Published October 13, 2011
What a difference a few debates can make.
Herman Cain's star has risen steadily in the past two months, from a largely unknown CEO running for president to a top-tier candidate in the Republican field for 2012 -- and now voters even rank him above the presumed front-runner, Mitt Romney, in a poll released Wednesday evening.
As GOP voters grow disenchanted with Texas Gov. Rick Perry and remain wary of Romney, a former Massachusetts governor, Cain, a onetime radio-show host and former CEO of Godfather's Pizza, catapulted into the lead in the Wall Street Journal/NBC News poll.
Drawn by Cain's blunt, folksy style in recent debates, 27 percent of Republican primary voters picked him as their first choice for the nomination, a jump of 22 percentage points from six weeks ago.
Romney held firm in second place at 23 percent, his same share as in a Journal poll in late August, while Perry plummeted to 16 percent, from 38 percent in August.
The poll of 1,000 adults, conducted from Oct. 6-10, comes as many Republican donors and officials have begun to rally around Romney as the party's likely nominee, despite a continued lack of enthusiasm for him documented in the new poll.
On Wednesday, with five of the Republican presidential candidates addressing members of the New Hampshire state legislature in the state capitol, Herman Cain fired up the crowd. His fiery speech drew several standing ovations in defending his "9-9-9 plan," which would replace the tax code with flat 9 percent taxes on businesses, personal incomes and sales across the nation.
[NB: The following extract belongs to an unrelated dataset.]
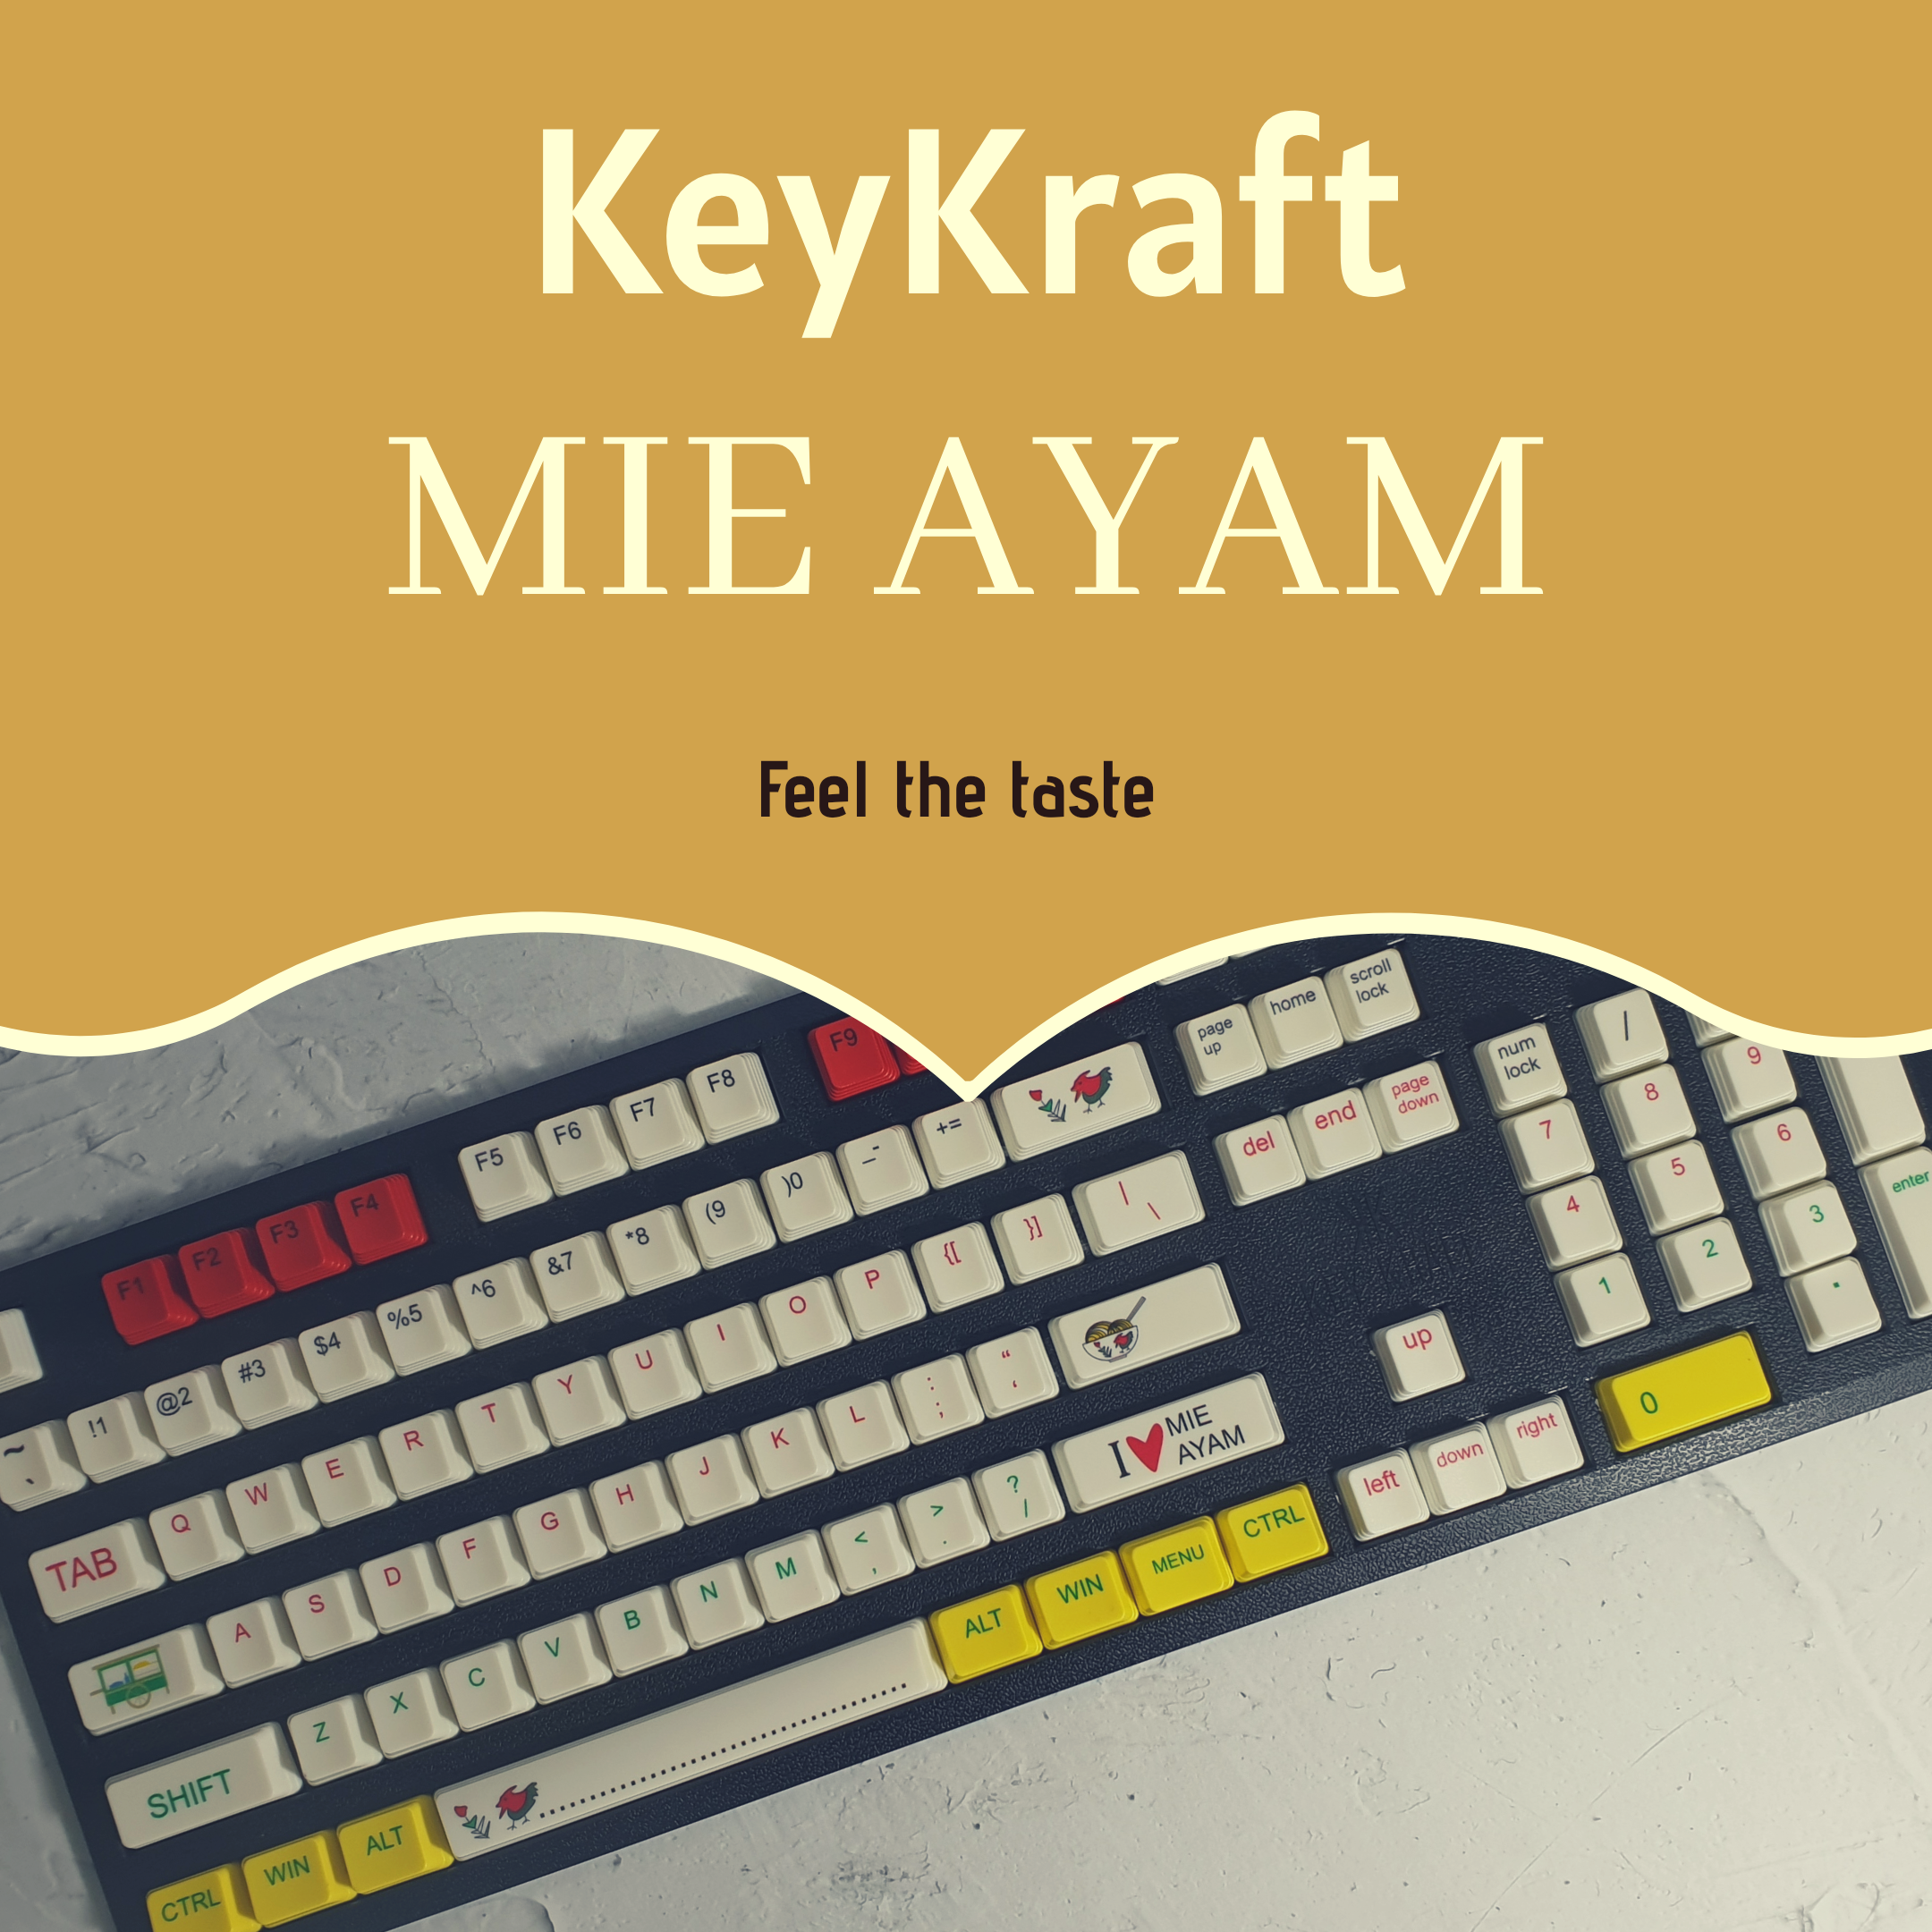 KeyKraft MIE AYAM

The question is whether his newfound prominence will be a lasting phenomenon in a campaign that has seen many others surge and then fade. Since the spring, conservatives have given short-lived bursts of support for a string of contenders, including Donald Trump, Minnesota Rep. Michele Bachmann and Perry.
"Will I be the flavor of the week?" Cain said Wednesday in New Hampshire. "Well, the answer is an emphatic, 'No,' because Haagen-Dazs black walnut tastes good all the time."
Cain in many ways isn't operating a traditional campaign. He was on tour promoting his new book in recent weeks, and he will make stops between Memphis and Nashville on Friday and Saturday, though Tennessee is unlikely to factor in the Republican nomination. He doesn't plan to return to Iowa, site of the first nominating contest, for weeks, his aides say.
Cain, 65, held a New York fund-raiser Wednesday afternoon and an Ohio finance event Wednesday night. His campaign says it has a paid staff of 30, compared with more than 80 for Romney.
Pressed on how much money he had to ramp up his campaign, Cain would only say "enough," while insisting that money began to flow after his win in a Florida Republican straw poll last month.
Cain raised $2.5 million during the second quarter of the year, and one person close to his campaign said he isn't likely to have raised significantly more than that in the quarter that ended last month.
Newscore contributed to this report.